This is an article from the January-February 1994 issue: Perspectives on the World Christian Movement

The AD2000 Women’s Track

Dreaming and making plans for the year 2000

The AD2000 Women’s Track

Christian women in Abidjan, Ivory Coast have caught the vision to reach unreached peoples. Violet Mtegha, the regional representative for the AD2000 Women's Track, tells of one woman who selected the Tuareg people, thinking that "all" she would have to do is pray. Then she discovered a group of Tuaregs living in Abidja, and realized that God had even more for her to do.

The AD2000 Women's Track is a resource network of women leaders committed to mobilize and help women use their gifts to further the goals of "A Church for every people and the Gospel for every person by the year 2000." The Women's Track seeks to catalyze existing networks, bringing denominational and para-church women leaders
together, to enhance their prayer groups and to find ways to help women use their gifts in reaching those without Christ.

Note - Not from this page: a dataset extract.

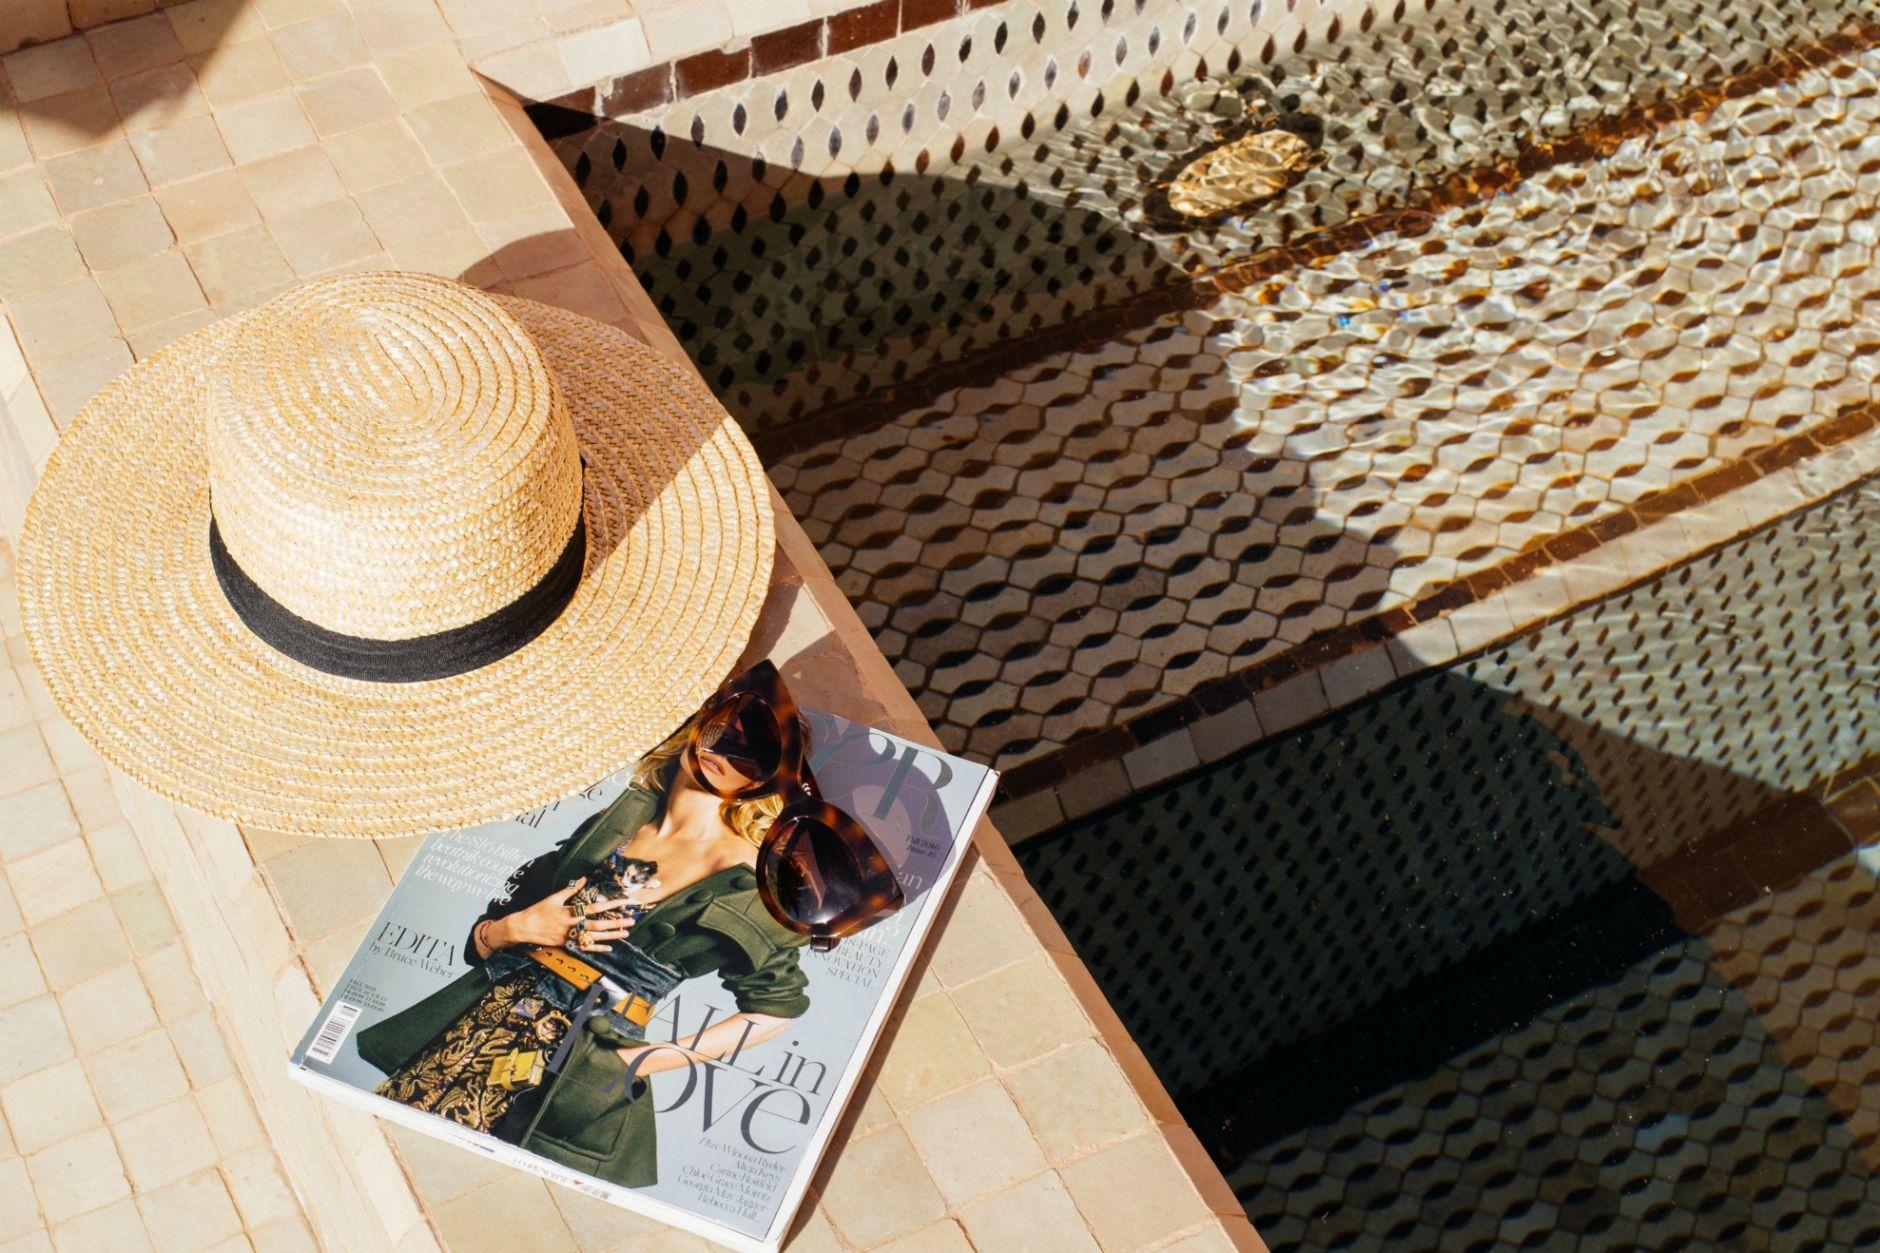 royal-mansour-hotel-luxury-marrakesch-marrakesh-morocco-edisa-shahini-disicouture-blog-59

Fifteen regional representatives gathered in Colorado Springs in October to evaluate the progress of the Track and to dream and strategize about what women can do to hasten world evangelism by the year 2000. Since these leaders first met two and half years ago, they have been actively spreading the AD2000 vision. They have held eight regional consultations and distributed a quarterly newsletter to women in more than 120 countries.

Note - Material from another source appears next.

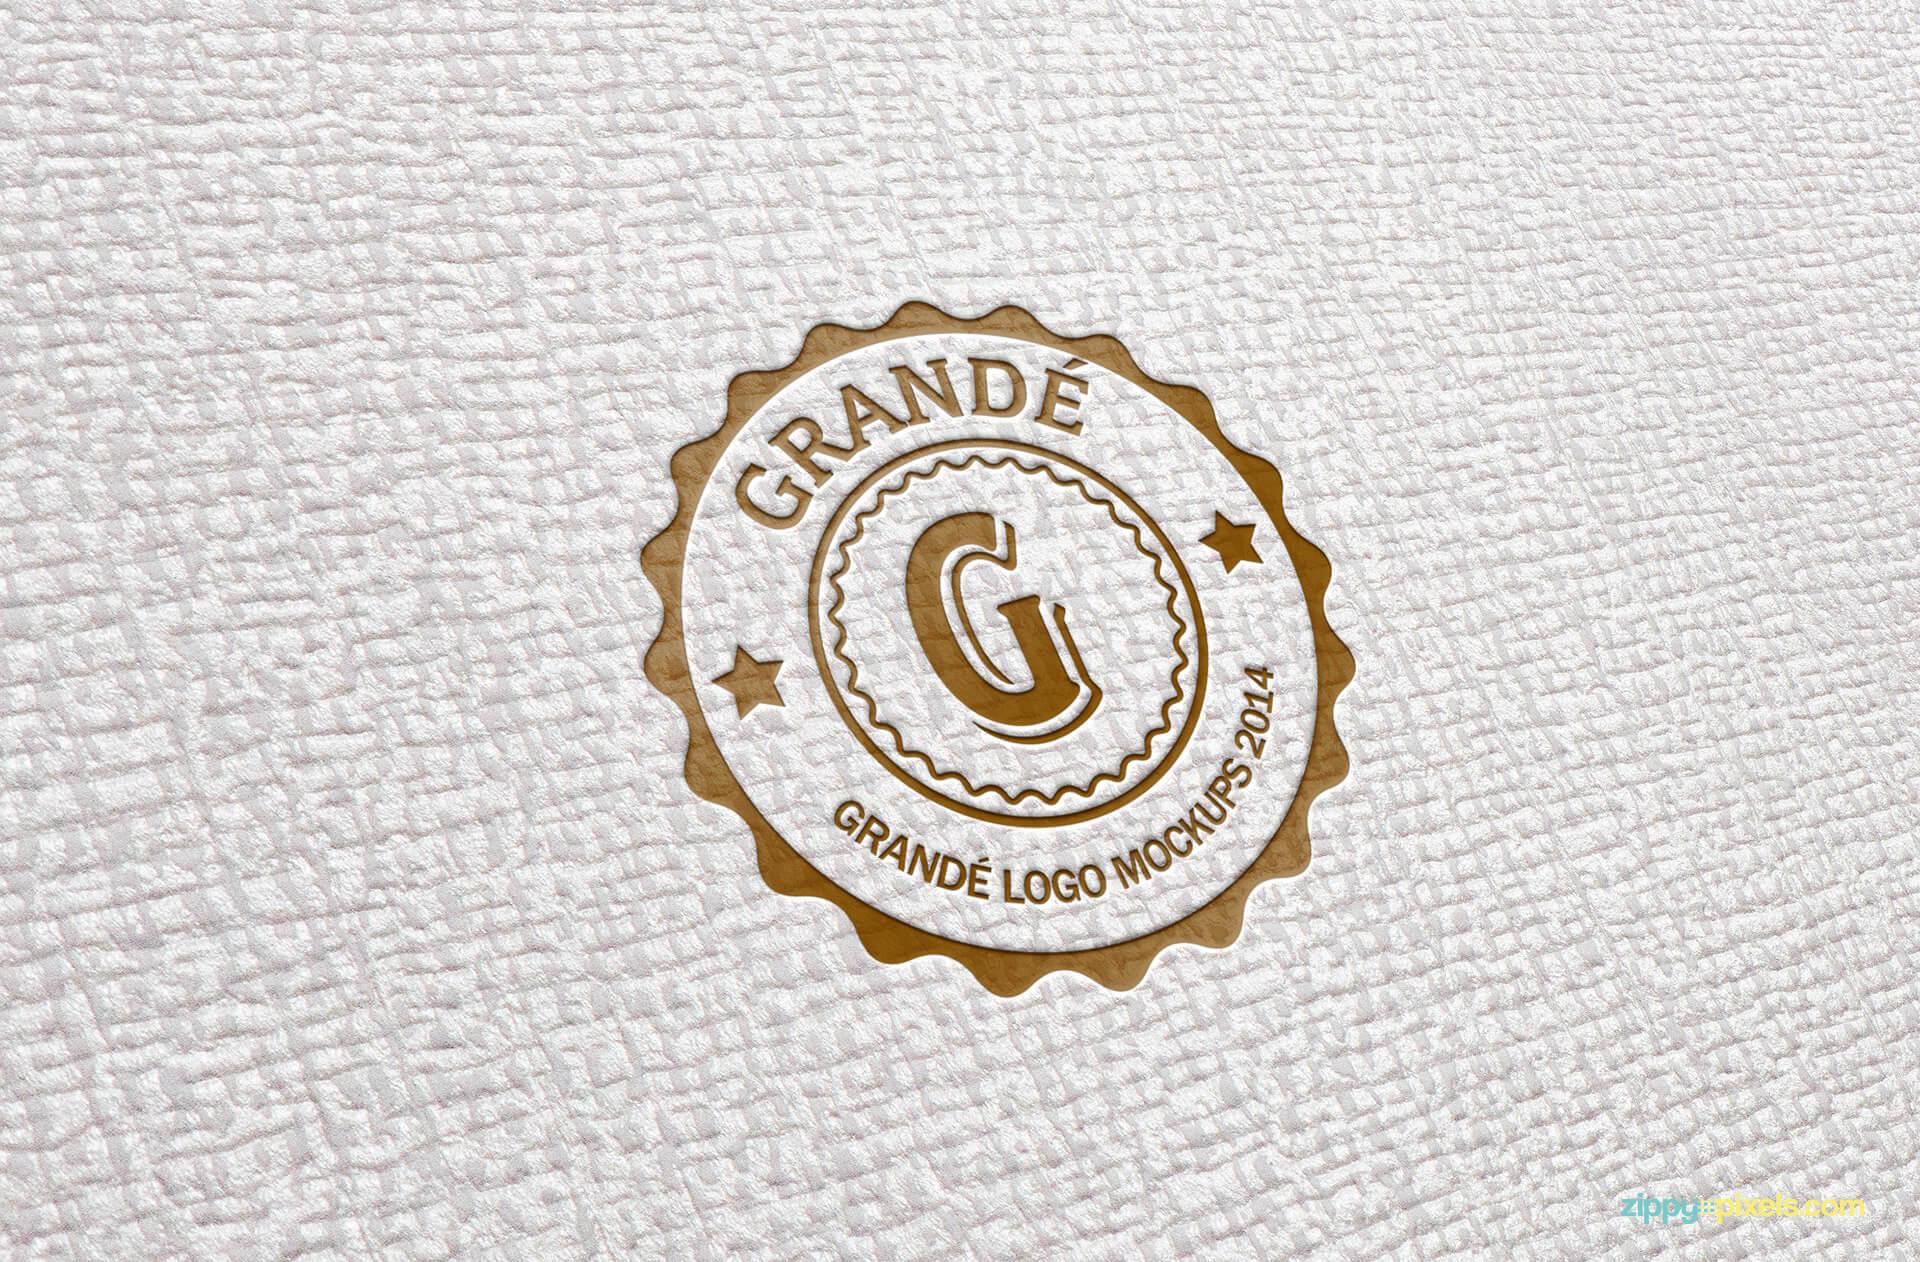 PSD Mockup of Letterpressed Logo on Textured Paper

"Our women knew there was something more," reiterated Evelyn Christenson, Co-chairperson of the North American Women's Track and author of the best-selling book What Happens When Women Pray? That "something more" is a new vision and urgency to see Christ's love communicated among every people group on earth.

The women who attended the consultation represent a broad spectrum of gifted leadership roles. Judy Mbugua of Kenya, who is also the chairperson of the Women's Track, is the international coordinator of
the Pan African Christian Women's Association (ACWA), a branch of the Association of Evangelicals in Africa and Madagascar. Since 1989
African women have formed chapters in almost 30 countries. AD2000 has become the evangelism/prayer arm of this interdenominational
ministry, which also deals with social and economic issues women face in Africa.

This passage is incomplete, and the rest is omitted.